私達が、経済制裁をすると戦争になるとか、そう言うことを言う人がいますけれど、これは、そんなような考えをすれば、これは、北朝鮮の思う壺です。

経済制裁が及ぼす効果というのは、何であるのかということを、私は、今一度よく考ええるべきです。
でも、その扱い方には注意が必要です。
私はそのことを、みなさんに申し上げておきたいと思います。

それから、この拉致問題を解決するためにはですね、今、国際的な動きが非常に大きくなって、包囲網ができています。しかし、中国や、韓国というやっかいな問題があります。

中国は、北朝鮮に対して、今、膨大なインフラの投資を始めています。
茂山(ムサン)と言うところが、中国と北朝鮮の国境に、鉱山が、鉄鉱山があります。ここに、50年間の租借権を得て、中国は今、膨大な投資を始めている。だから、これを失わないために、また、外貨を獲得するために、平壌のデパートを買収しました。このように、中国は自分たちの経済権益を、北朝鮮国内に、今獲得しています。

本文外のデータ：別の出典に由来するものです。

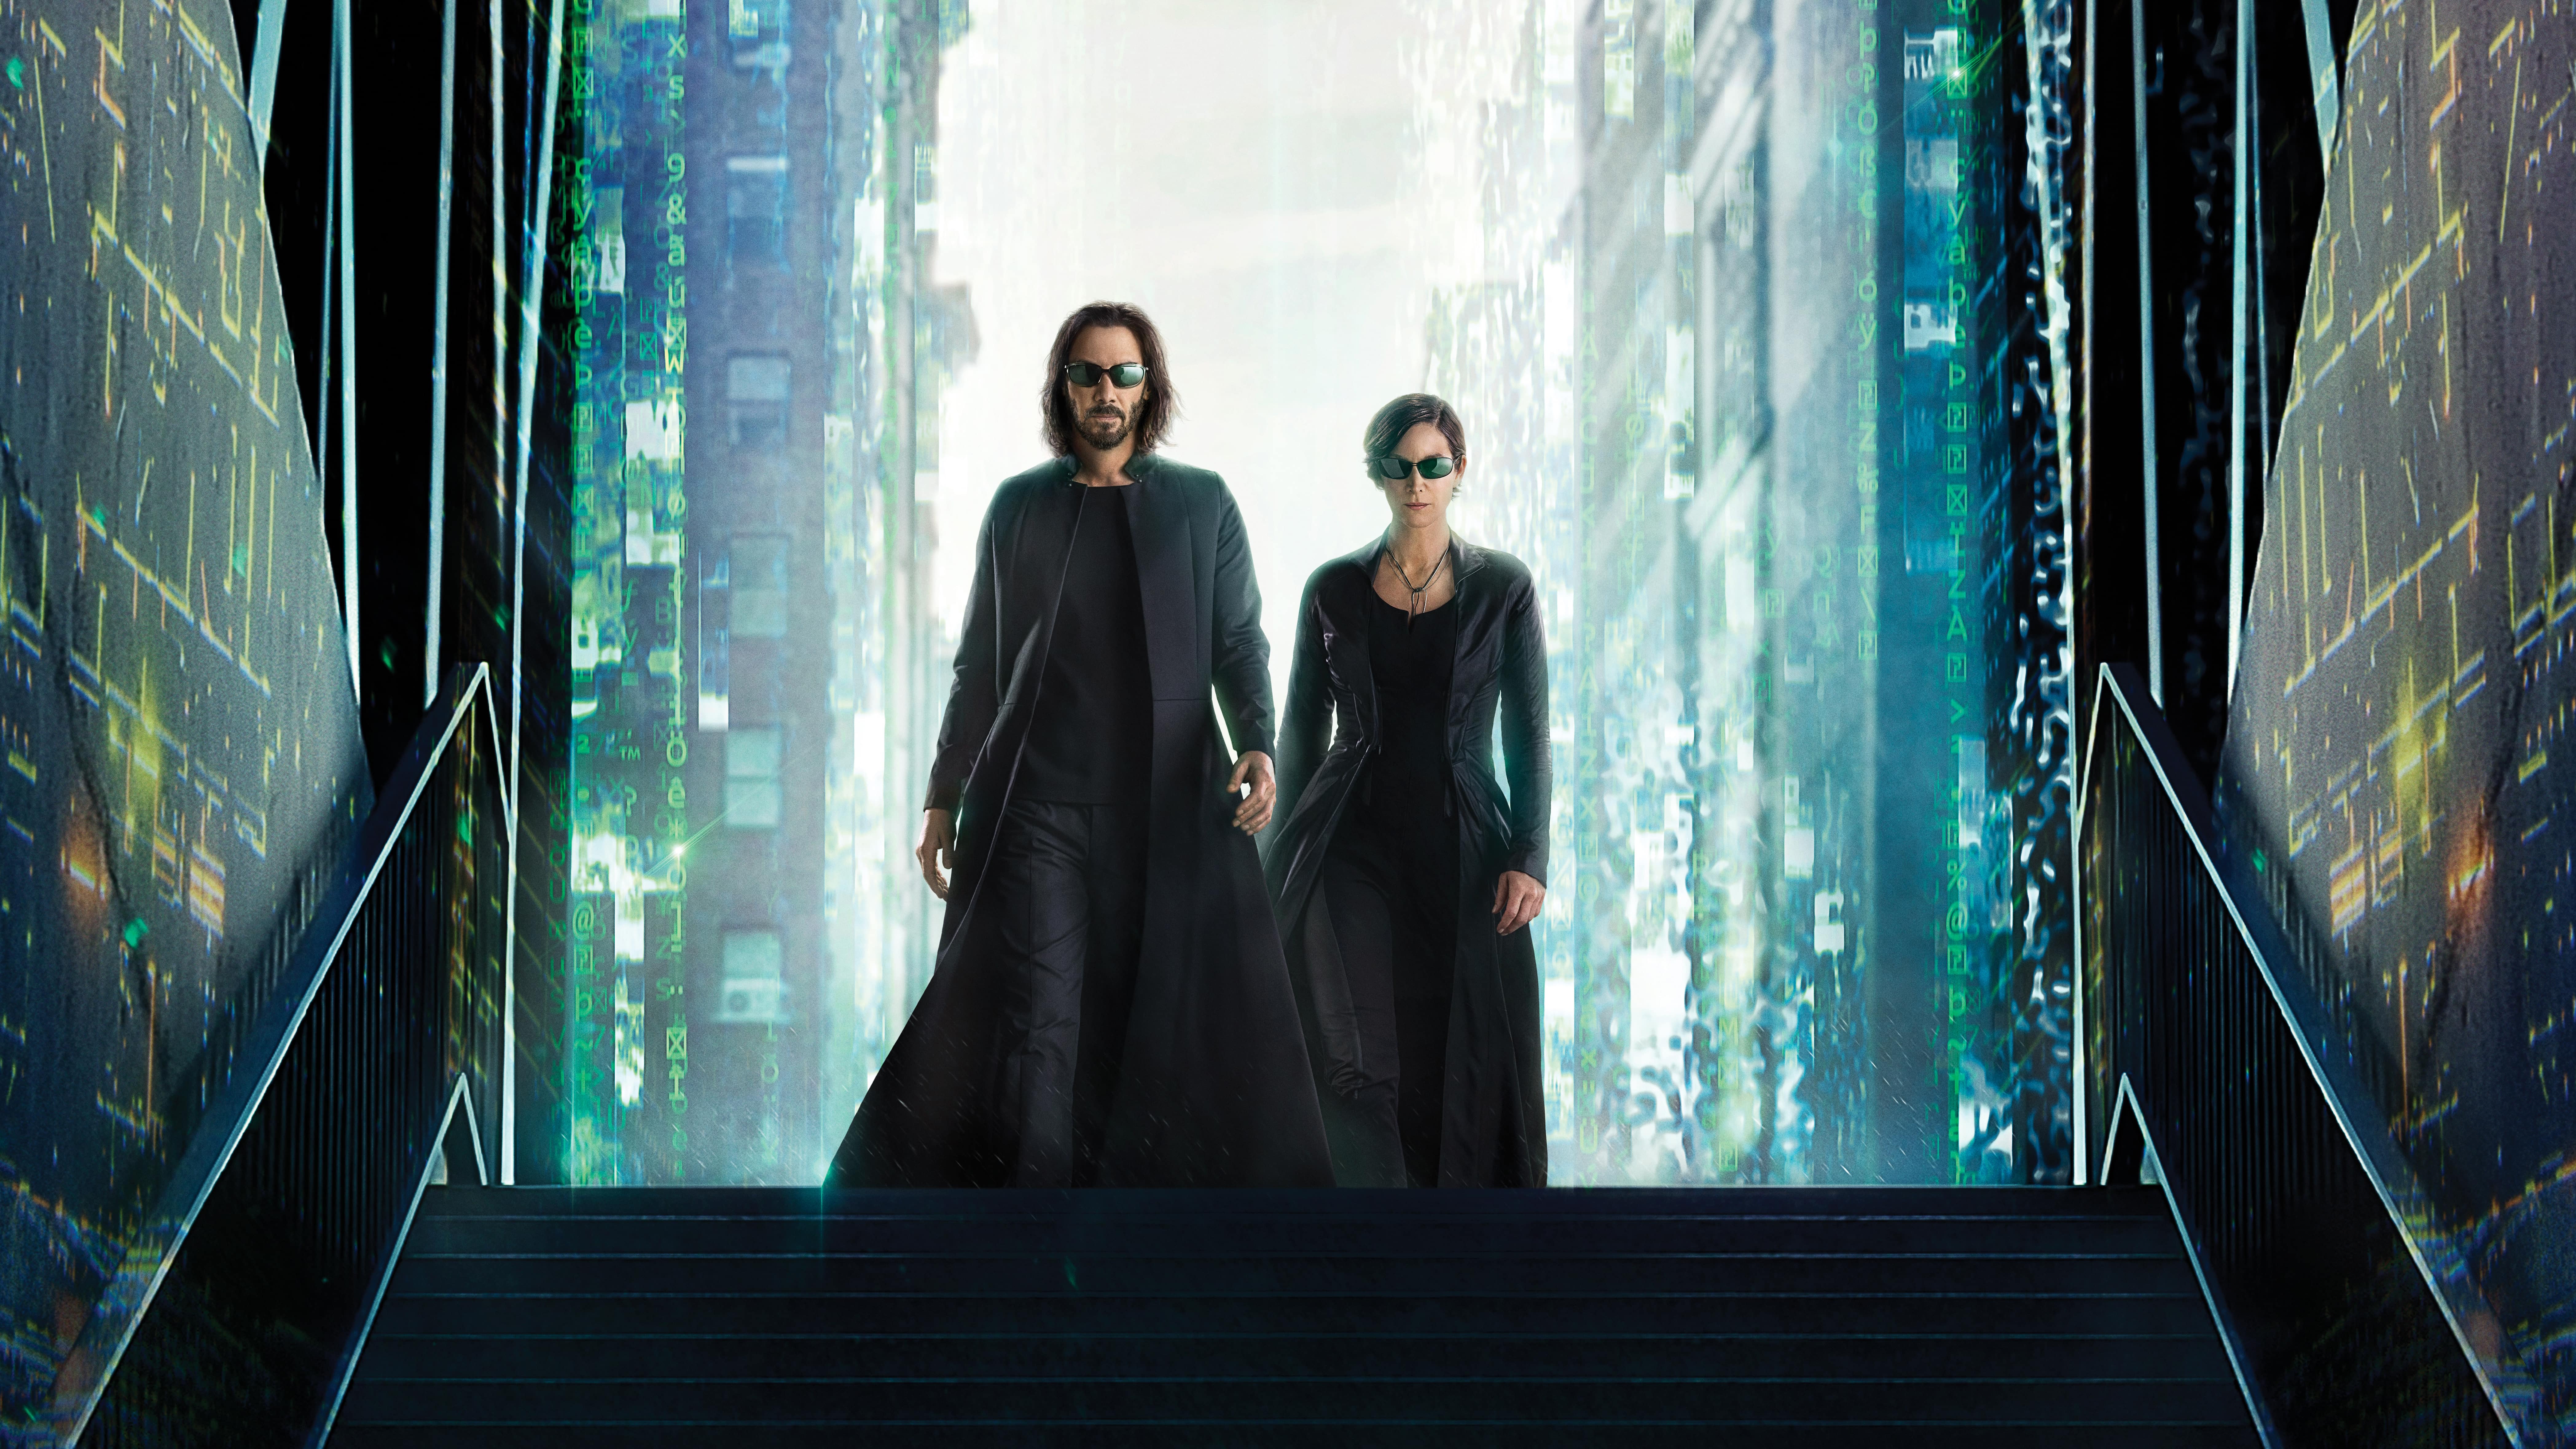 Wallpaper The Matrix 4

ということは、北朝鮮の権力基盤を持つ人間が、北朝鮮国民の利益になるような、権益を外国に売り渡しているということなんですね。

ですから、中国の援助なしに、北朝鮮の経済は成り立たない。
そういう状況があると言うことを、私達は理解しなければならない。

それから韓国。韓国は、自国に500人近い拉致者を抱えていても、あの問題は、真剣に解決しようとしない。
朝鮮戦争の時に、捕虜になった人たちを帰せとは言わない。離散家族だと。こういう政府ですね。
そして、できるだけ多く援助する、融和的な態度をする。そうすれば、北朝鮮は平和的になる。
朝鮮戦争のようなことをおこしてはならないという、そういう口実を元に、非常に融和的態度をとる。
ですから、これを変えなくてはならない。

もう一度、みなさんに思い起こしてほしいんですが、『横田めぐみさんを返せ、他の拉致被害者を返せ』と言って、運動を始めたときの、家族のみなさんが、どれだけ大変だったか。
今、韓国の人たちは、それとおなじだけ大変な時期を、今味わっていると思うんですね。

しかし、日本は幸いにして、皆さんの大きな支持と、大きな応援で、ここまでやってこれた。
ですから、私達がそういう経験を韓国のNGOと、韓国の拉致被害者ご家族会とも協力する必要が有るんではないでしょうか?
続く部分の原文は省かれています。